Кто-то мне сказал, что фамилия рыжей барышни Мильгром; и, уходя из театра, я вспомнил, что с одним из членов этой семьи я уже знаком.

Встретились мы незадолго до того летом. Я гостил тогда у знакомых, доживавших конец августа на даче у самого Ланжерона. Как-то утром, когда хозяева еще спали, я пошел вниз купаться, а потом задумал погрести. У моих друзей была плоскодонка на две пары весел; я кое-как сдвинул ее в воду с крупно-зернистого гравия (у нас он просто назывался "песок"), и только тогда заметил, что кто-то ночью обломал обе уключины на правом борту. Запасных тоже не оказалось.
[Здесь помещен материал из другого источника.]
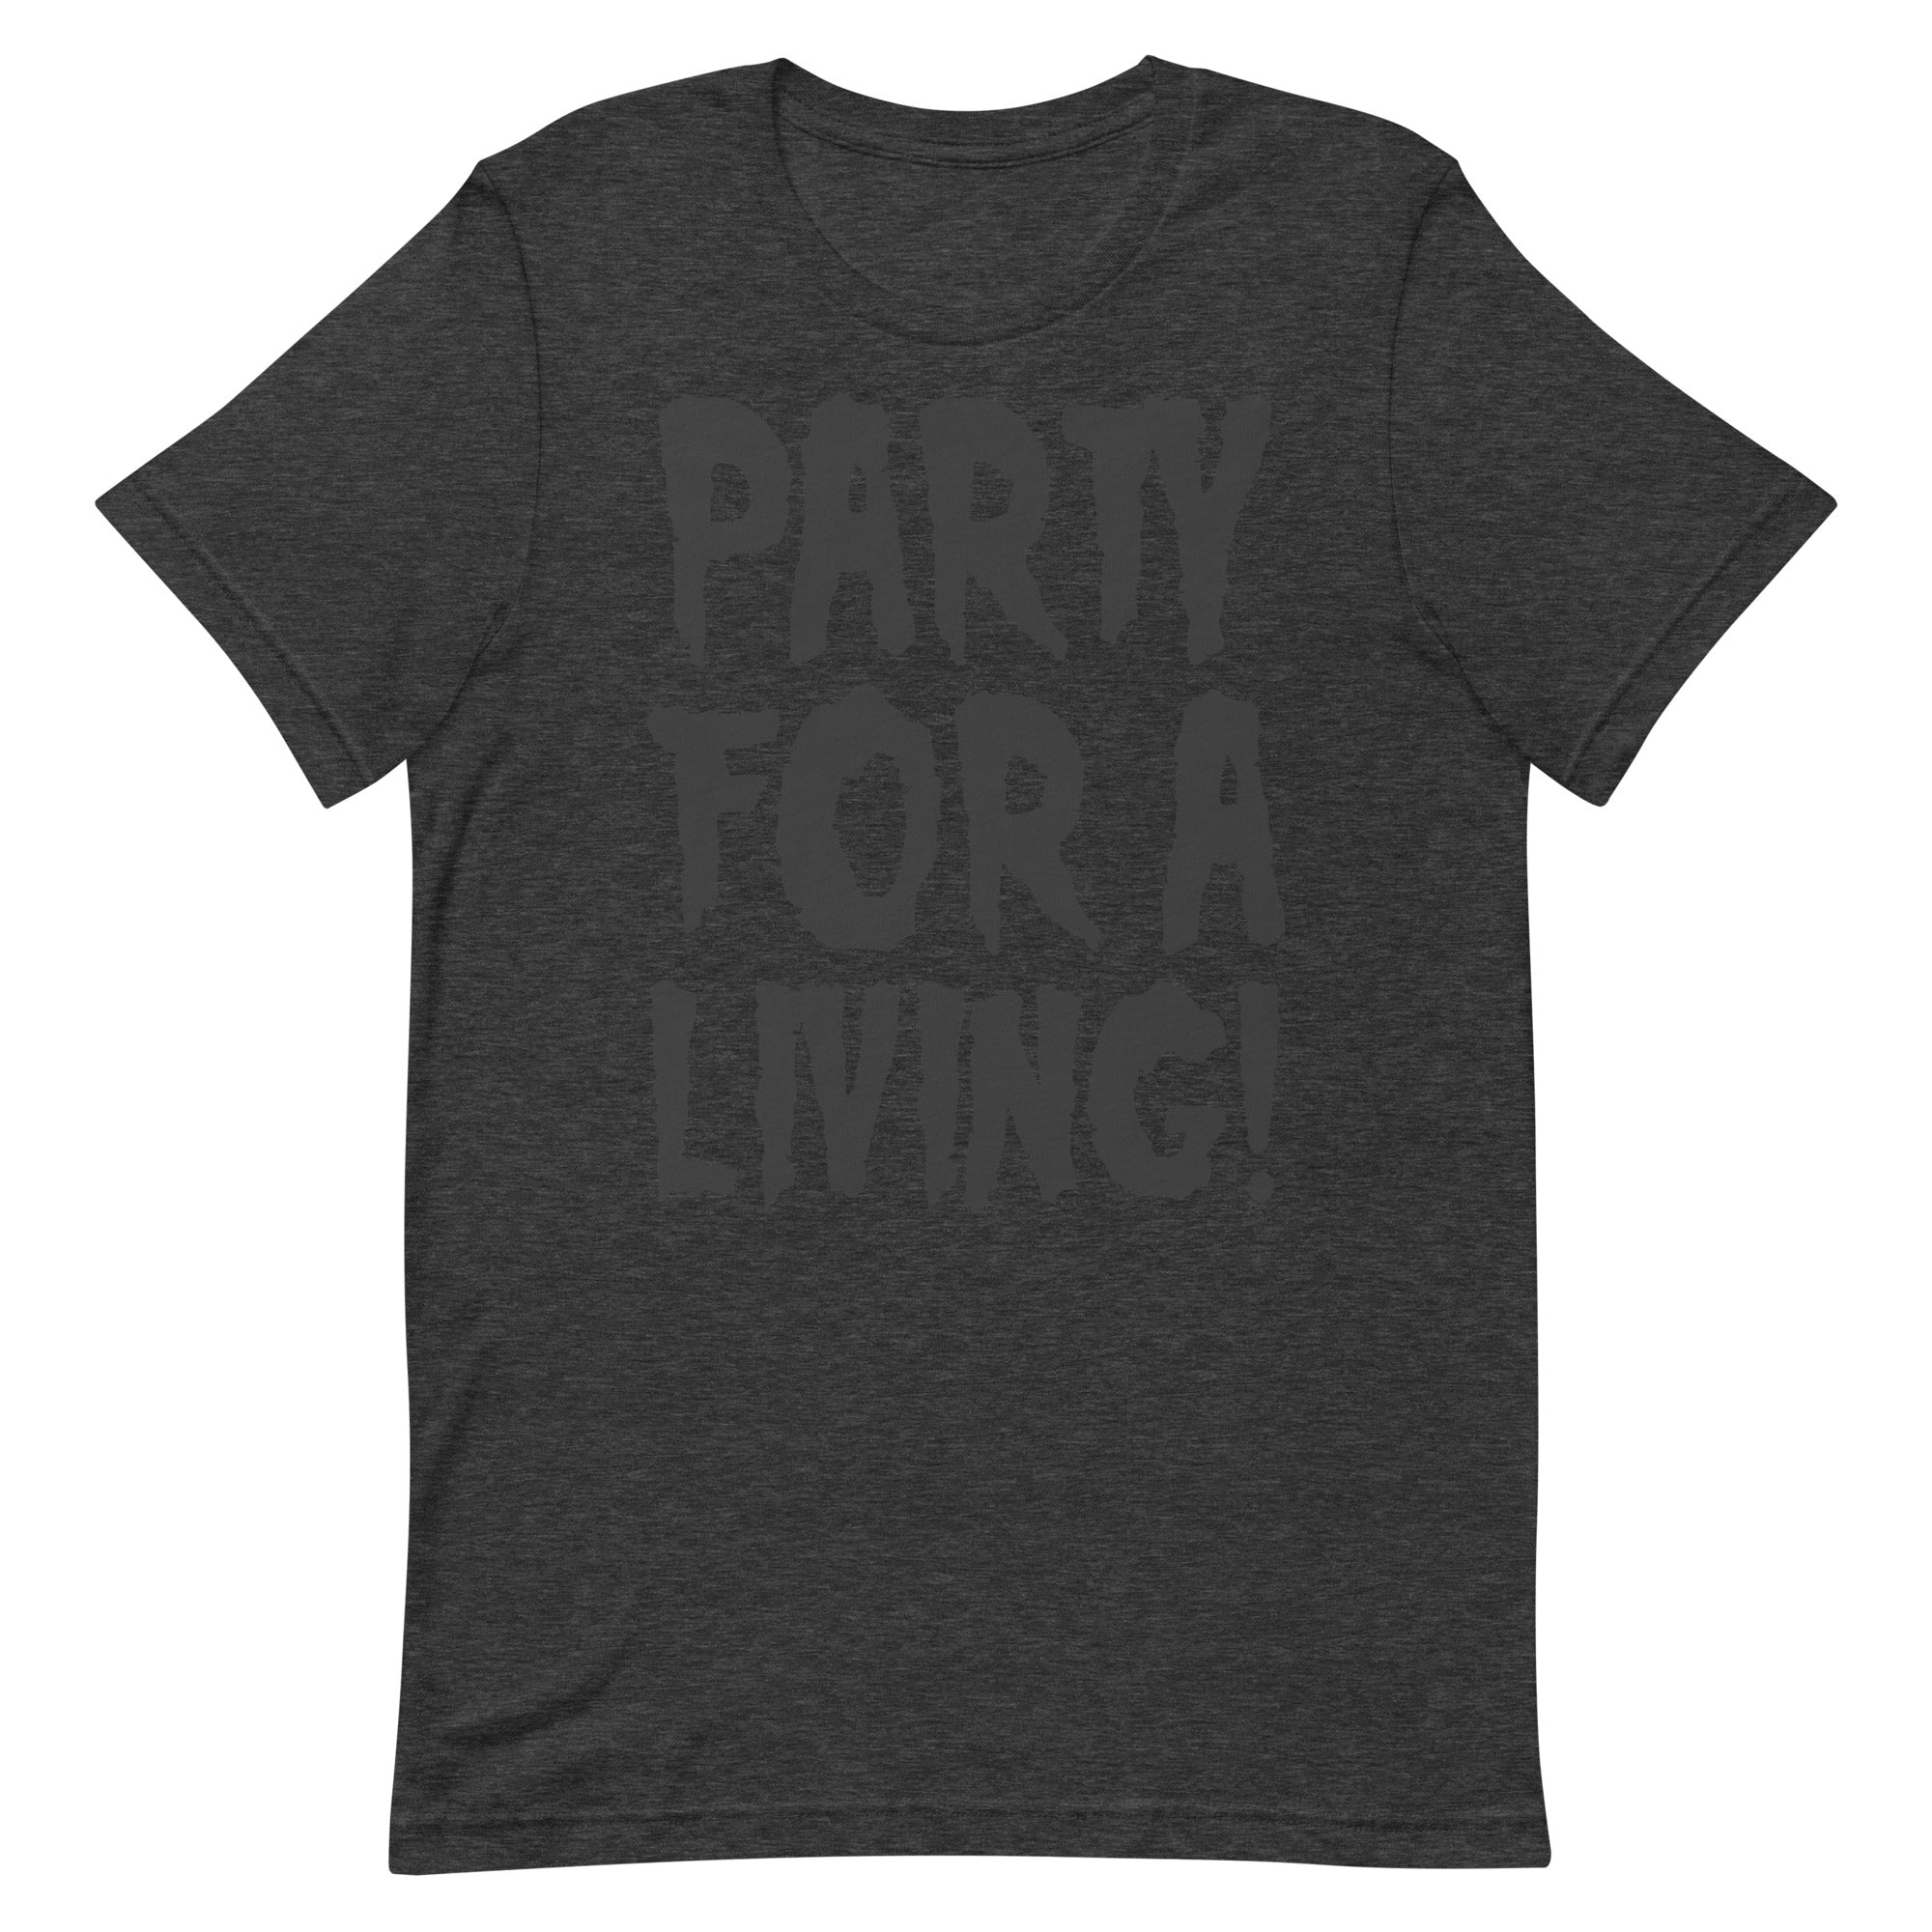 Party For A Living Misfit Shirt

Нелепые были у нас на побережий уключины - просто деревянные палочки, к которым веревками привязывались неуклюжие толсторукие весла: нужно было мастерство даже на то, чтобы весла не выворачивались, не шлепали по воде плашмя. Зато никакого не нужно было мастерства на построение такой уключины: обстругать сучок. Но мне это и в голову не пришло. Наше поколение словно без пальцев выросло: когда отрывалась пуговица, мы скорбно опускали головы и мечтали о семейной жизни, о жене, изумительном существе, которое не боится никаких подвигов, знает, где купить иголку и где нитки, и как за все это взяться. Я стоял перед лодкой, скорбно опустив голову, словно перед сложной машиной, где что-то испортилось таинственное, и нужен Эдисон, чтобы спасти пропащее дело.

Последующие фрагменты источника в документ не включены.